The material below has pictures in it. Set down only the lines from the line containing "Immagine di POLO" through the line containing "Ruyi Socks Black 2321165", word for word, and leave the pictures behind.

◆ MATERIAL PROVIDED

- - - -

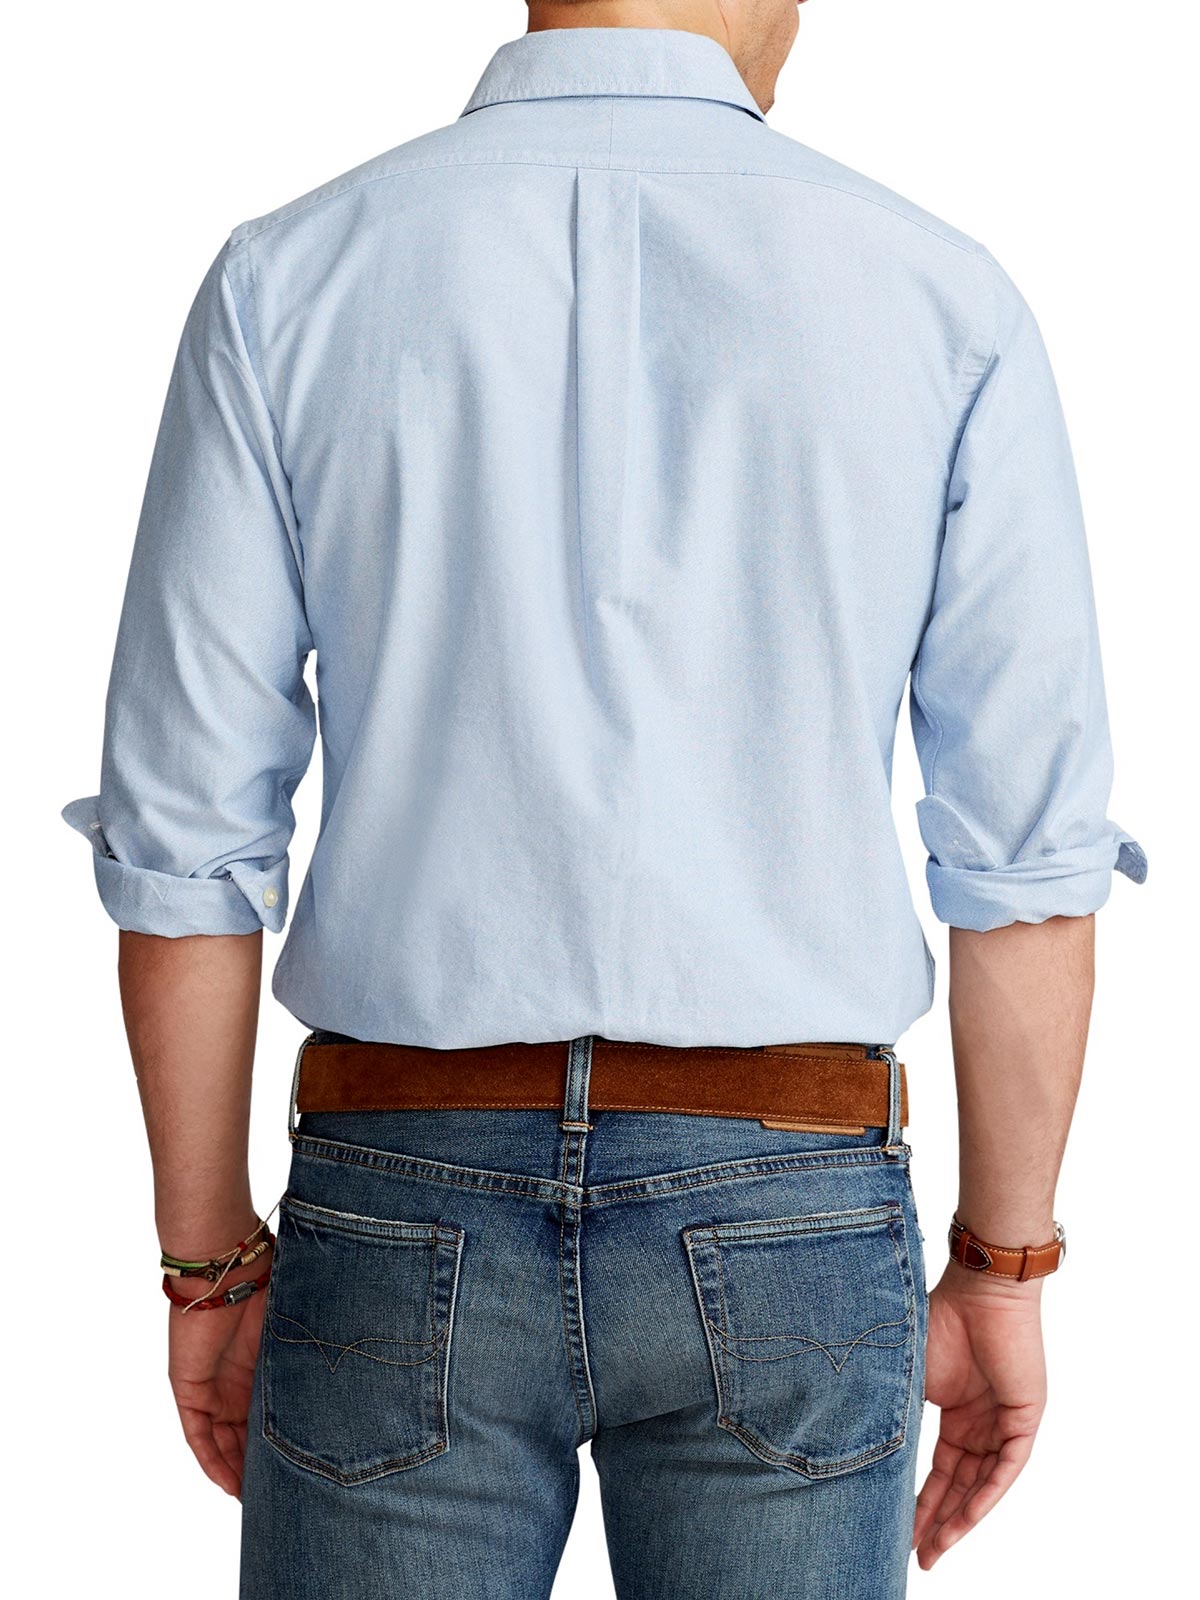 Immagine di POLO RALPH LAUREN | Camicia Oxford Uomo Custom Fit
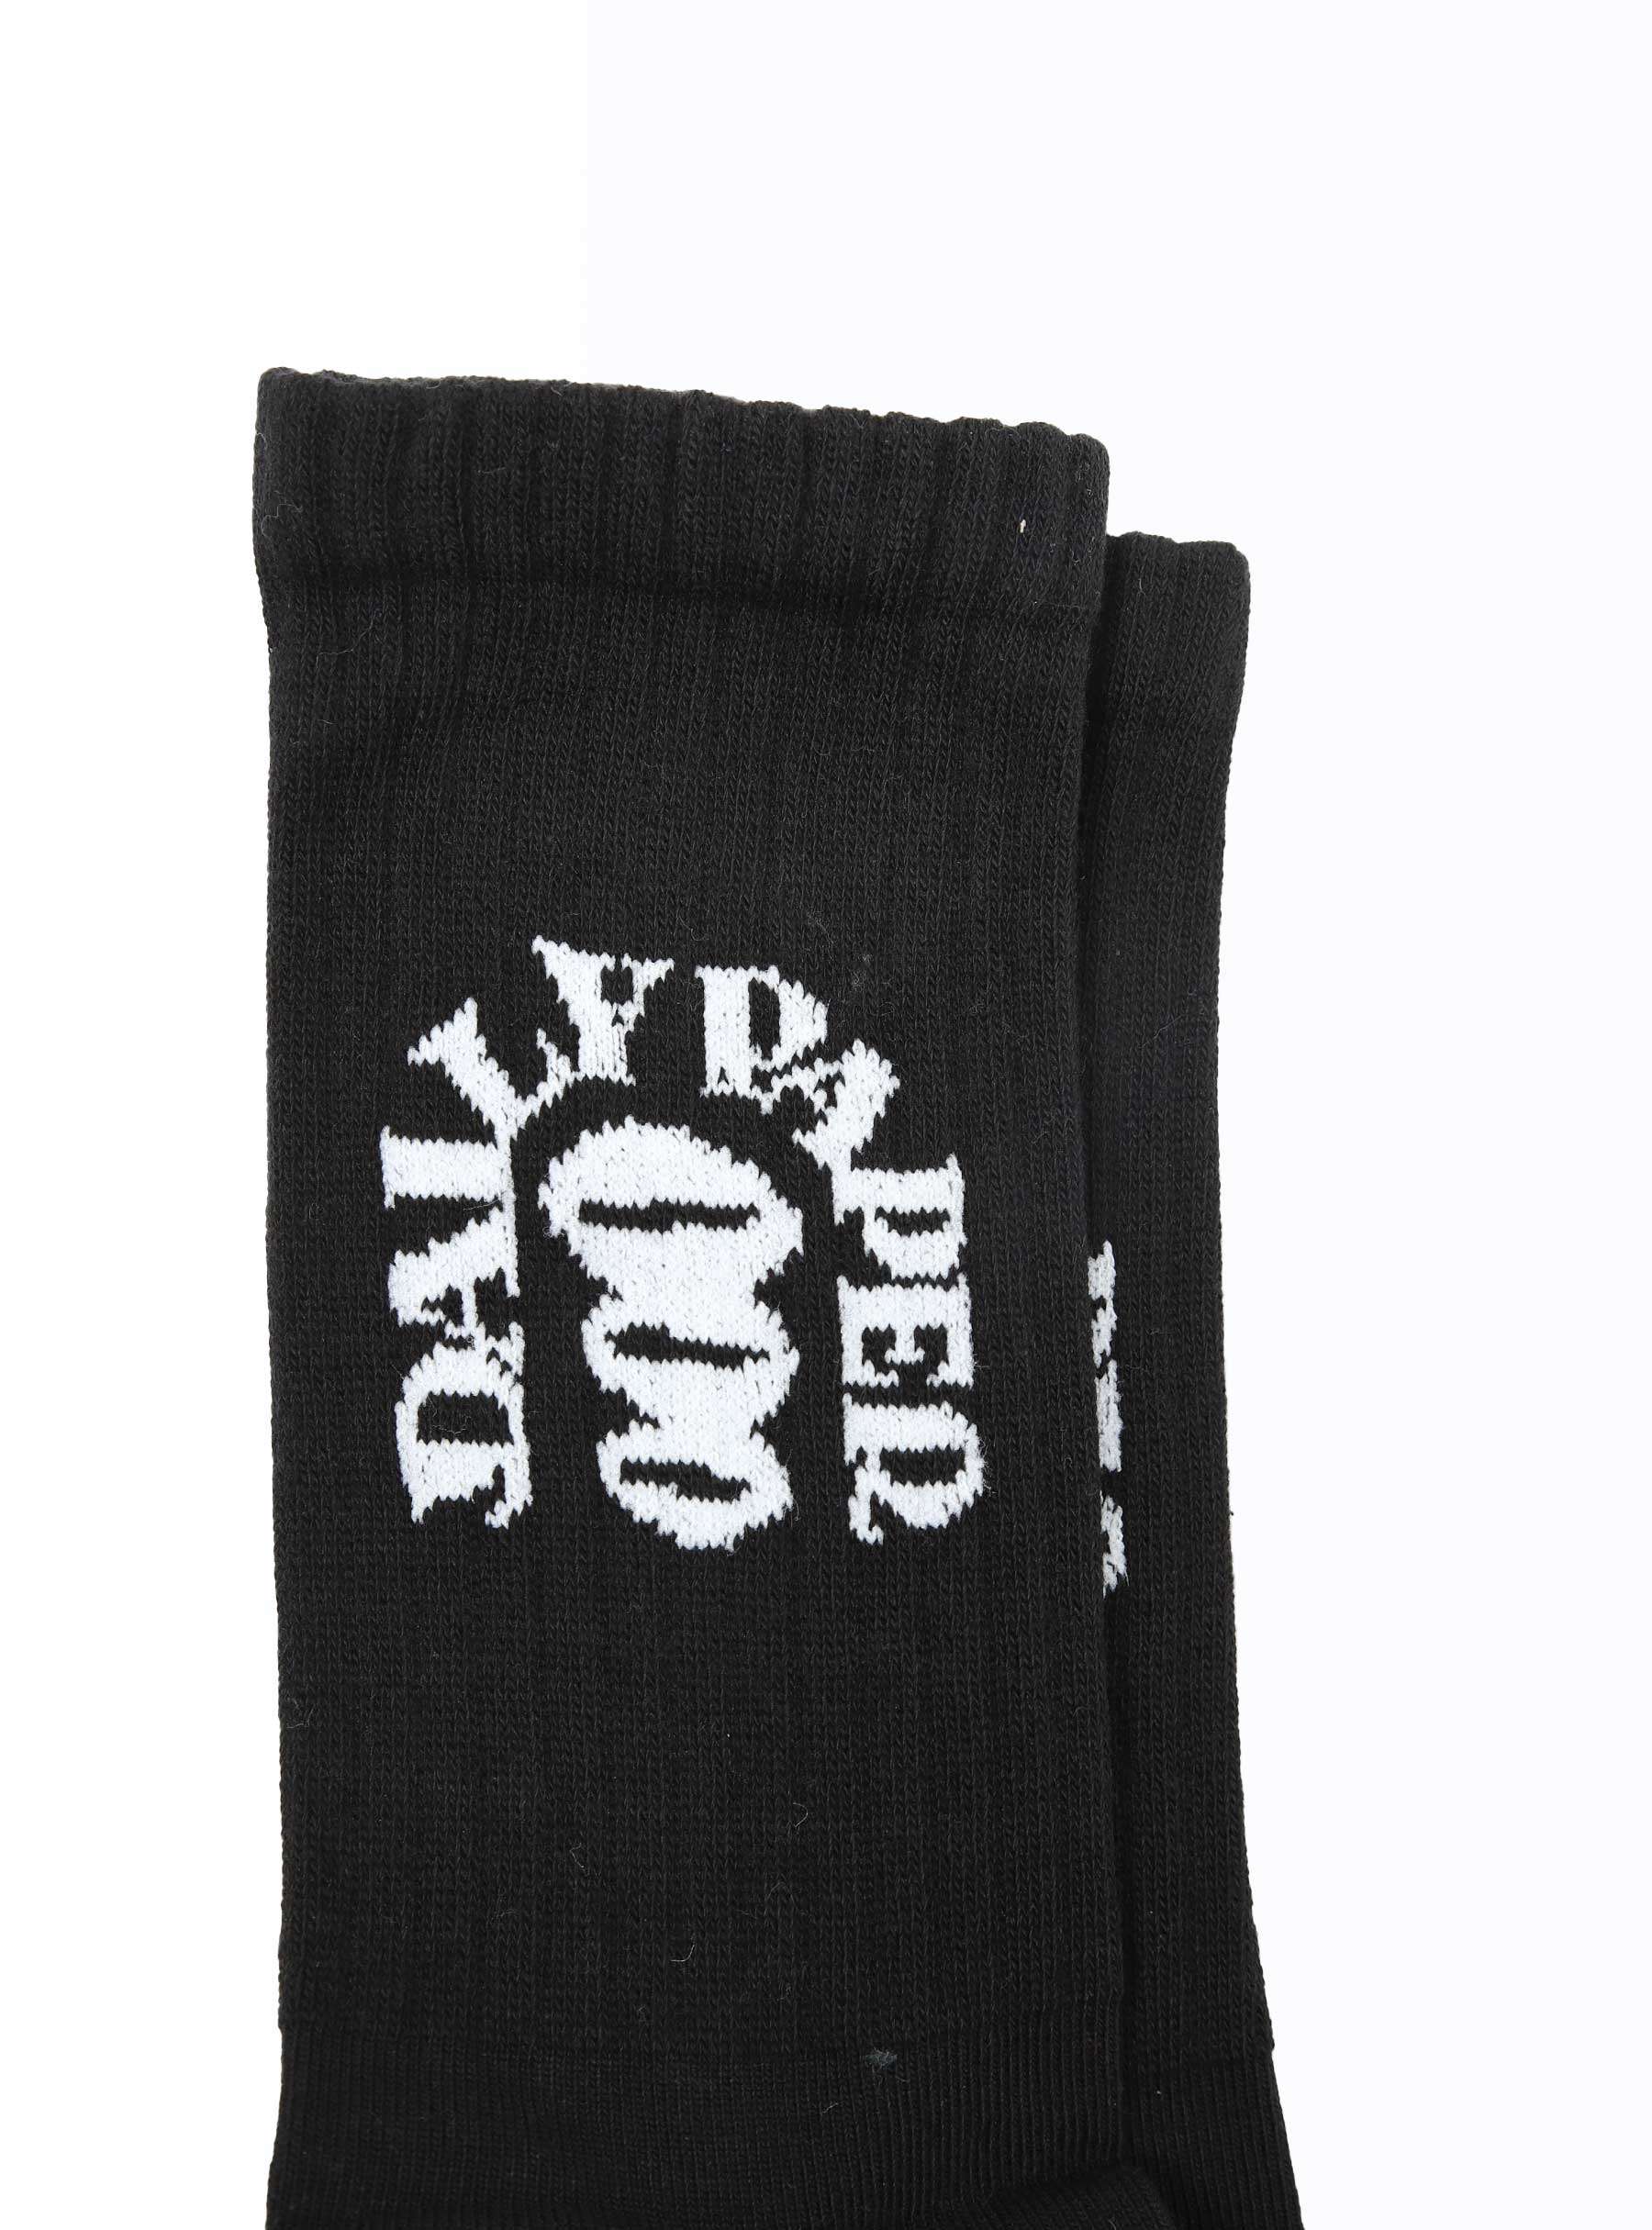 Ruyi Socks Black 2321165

- - - -

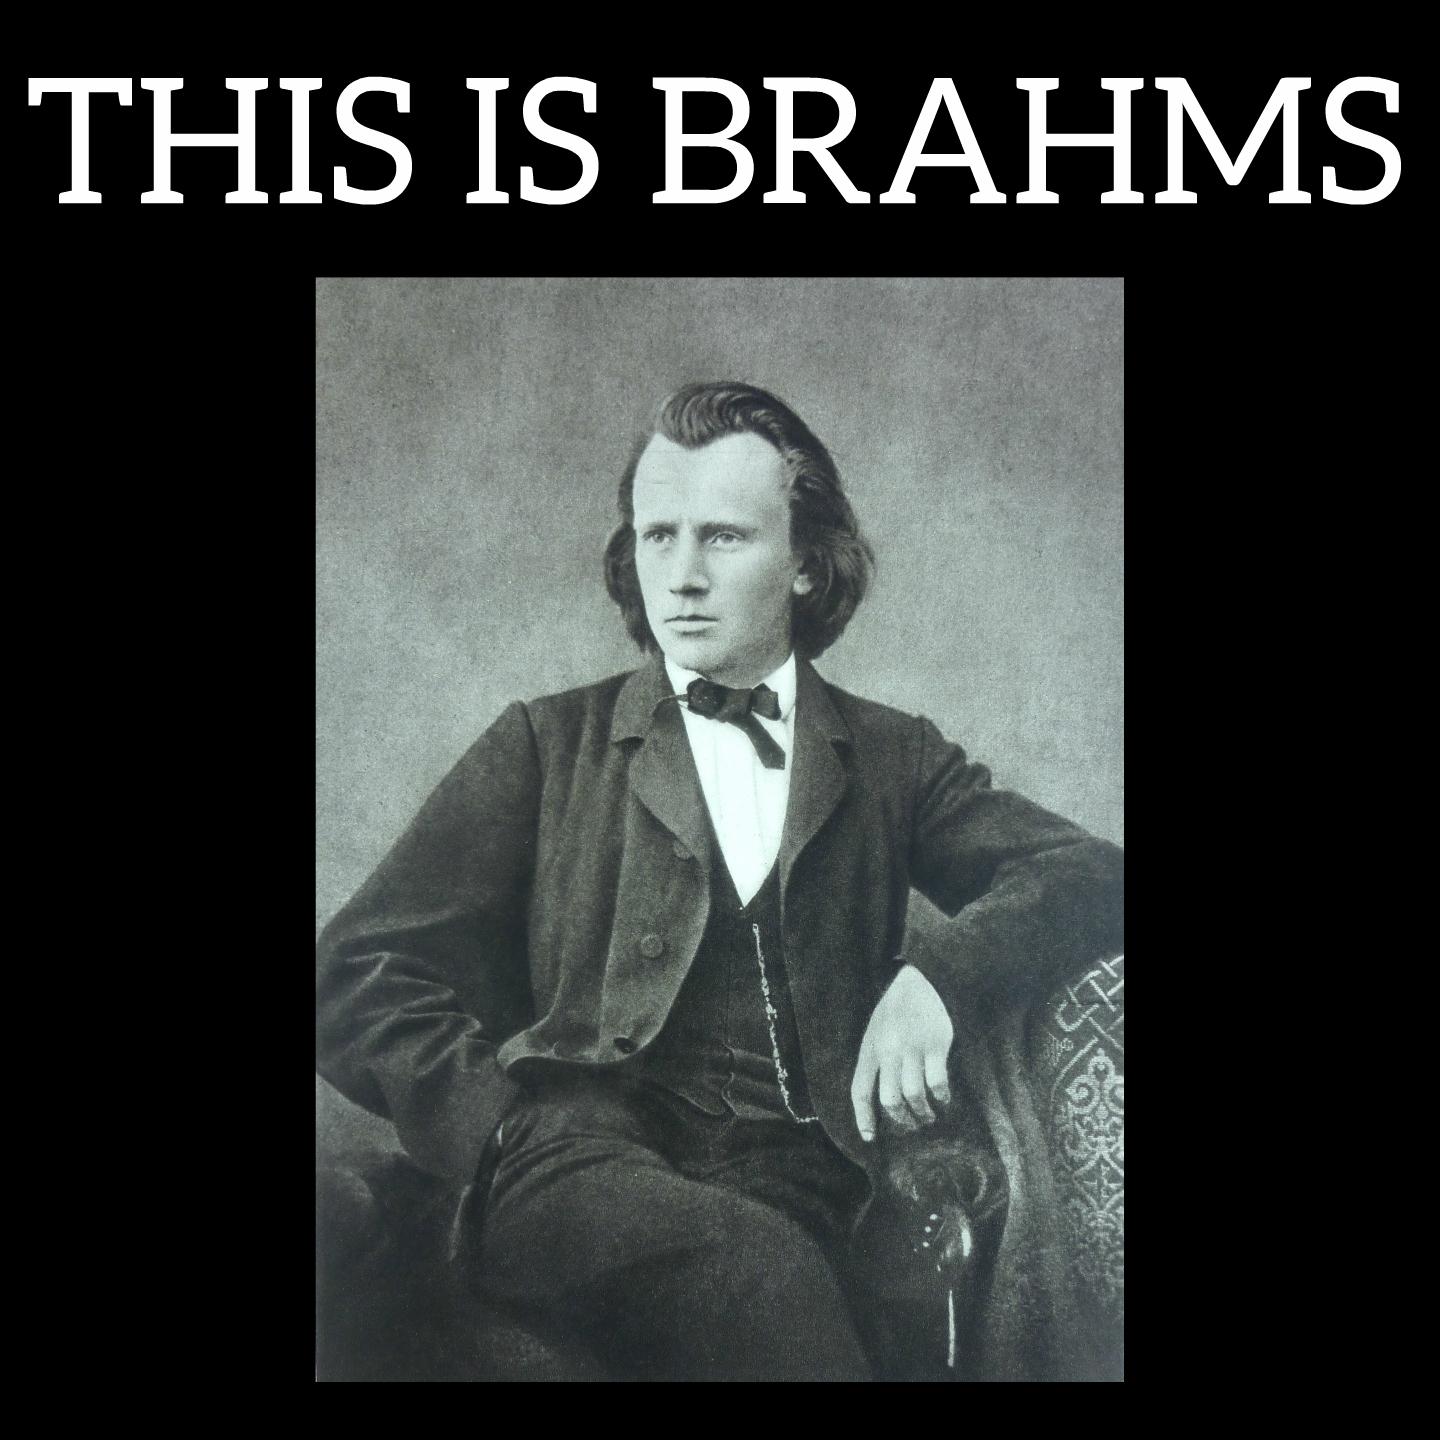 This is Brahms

- - - -

◆ YOUR RESPONSE
 Immagine di POLO RALPH LAUREN | Camicia Oxford Uomo Custom Fit
 Ruyi Socks Black 2321165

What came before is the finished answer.